To make the chip, the researchers sandwiched together two plastic slides, through which they drilled small channels to represent xylem and phloem. They filled the xylem channel with water, and the phloem channel with water and sugar, then separated the two slides with a semipermeable material to mimic the membrane between xylem and phloem. They placed another membrane over the slide containing the phloem channel, and set a sugar cube on top to represent the additional source of sugar diffusing from a tree’s leaves into the phloem. They hooked the chip up to a tube, which fed water from a tank into the chip.
With this setup, the chip was able to passively pump water from the tank through the chip and out into a beaker, at a constant flow rate for several days, as opposed to previous designs that only pumped for several minutes.
Anette “Peko” Hosoi, professor and associate department head for operations in MIT’s Department of Mechanical Engineering, said the chip’s passive pumping may be leveraged as a simple hydraulic actuator for small robots. Engineers have found it difficult and expensive to make tiny, movable parts and pumps to power complex movements in small robots. The team’s new pumping mechanism may enable robots whose motions are propelled by inexpensive, sugar-powered pumps.

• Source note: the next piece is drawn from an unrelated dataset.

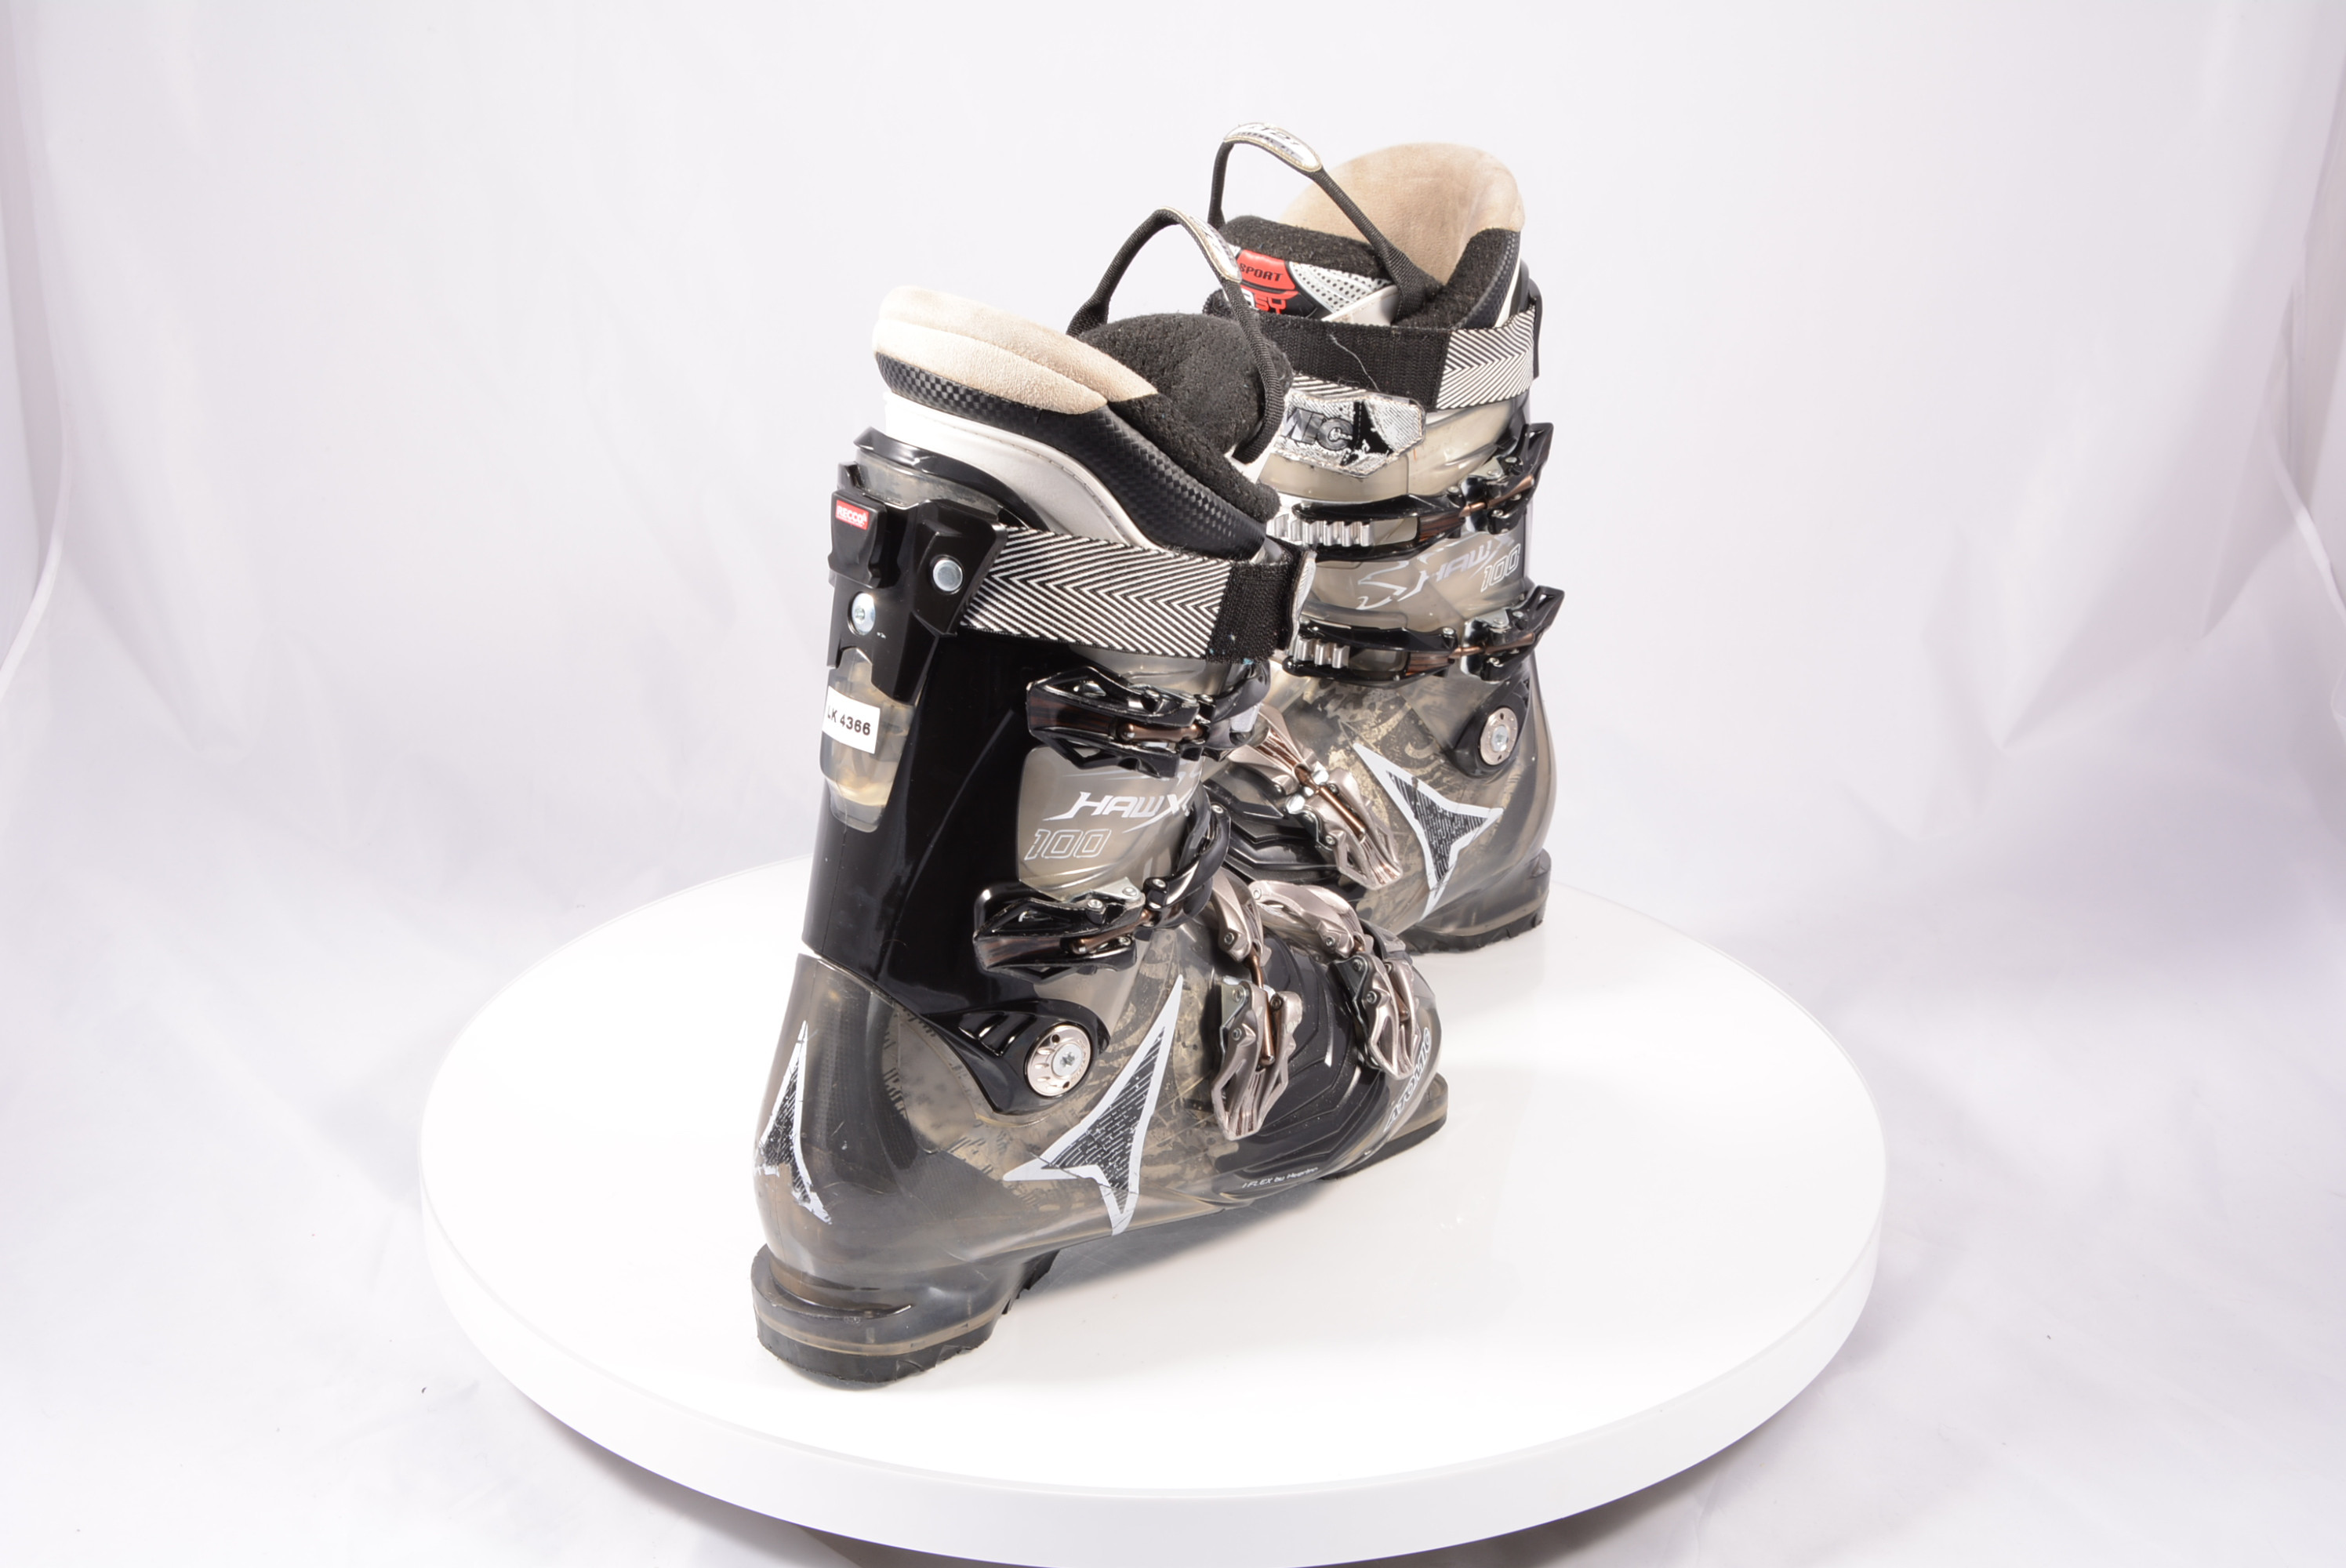 ski boots HAWX 100 GREY/trans, Thermal fit T2, Sport ASY, Anatomic Hi-perf fit, Canting, Recco, micro, - Mardosport.com

“The goal of this work is cheap complexity, like one sees in nature,” said Hosoi. “It’s easy to add another leaf or xylem channel in a tree. In small robotics, everything is hard, from manufacturing, to integration, to actuation. If we could make the building blocks that enable cheap complexity, that would be super exciting. I think these [microfluidic pumps] are a step in that direction.”
According to Hosoi, “If you design your robot in a smart way, you could absolutely stick a sugar cube on it and let it go.”
Perovskite solar cell stability
Researchers from Aalto University, Uppsala University, and École Polytechnique Fédérale de Lausanne (EPFL) improved the long term stability of perovskite solar cells using “random network” nanotube films, films composed of single-walled carbon nanotubes.
Perovskite solar cells are promising for their ability to capture light efficiently and conduct well, but the lifetime of solar cells made of metalorganic perovskites has proven to be very short compared to cells made of silicon.
“In a traditional perovskite solar cell, the hole conductor layer consists of organic material and, on top of it, a thin layer of gold that easily starts to disintegrate and diffuse through the whole solar cell structure. We replaced the gold and also part of the organic material with films made of carbon nanotubes and achieved good cell stability in 60 degrees and full one sun illumination conditions,” explained Kerttu Aitola, a researcher at Uppsala University.
Cross-section of the solar cell in an electron microscope image. The fluff seen in the front of the image is composed of bundles of nanotubes that have become half-loose when the samples have been prepared for imaging. (Source: Aalto University / University of Uppsala / EPFL)
In the study, thick black films with conductivity as high as possible were used in the back contact of the solar cell where light does not need to get through. According to Aitola, nanotube films can also be made transparent and thin, which would make it possible to use them as the front contact of the cell, which lets light through. Additionally, nanotube films provide superior flexibility compared to the conductive plastic flexible solar cells are currently manufactured on.
The researchers conducted a 140 hour experiment, during which traditional perovskite cells with gold electrodes experienced a dramatic, irreversible efficiency loss, rendering them effectively nonoperational. The nanotube cells showed only a small linear efficiency loss, but with a lifetime the team extrapolated to 580 hours, there’s still a long ways to go to catch up to the 20-30 year lifetime of silicon solar cells.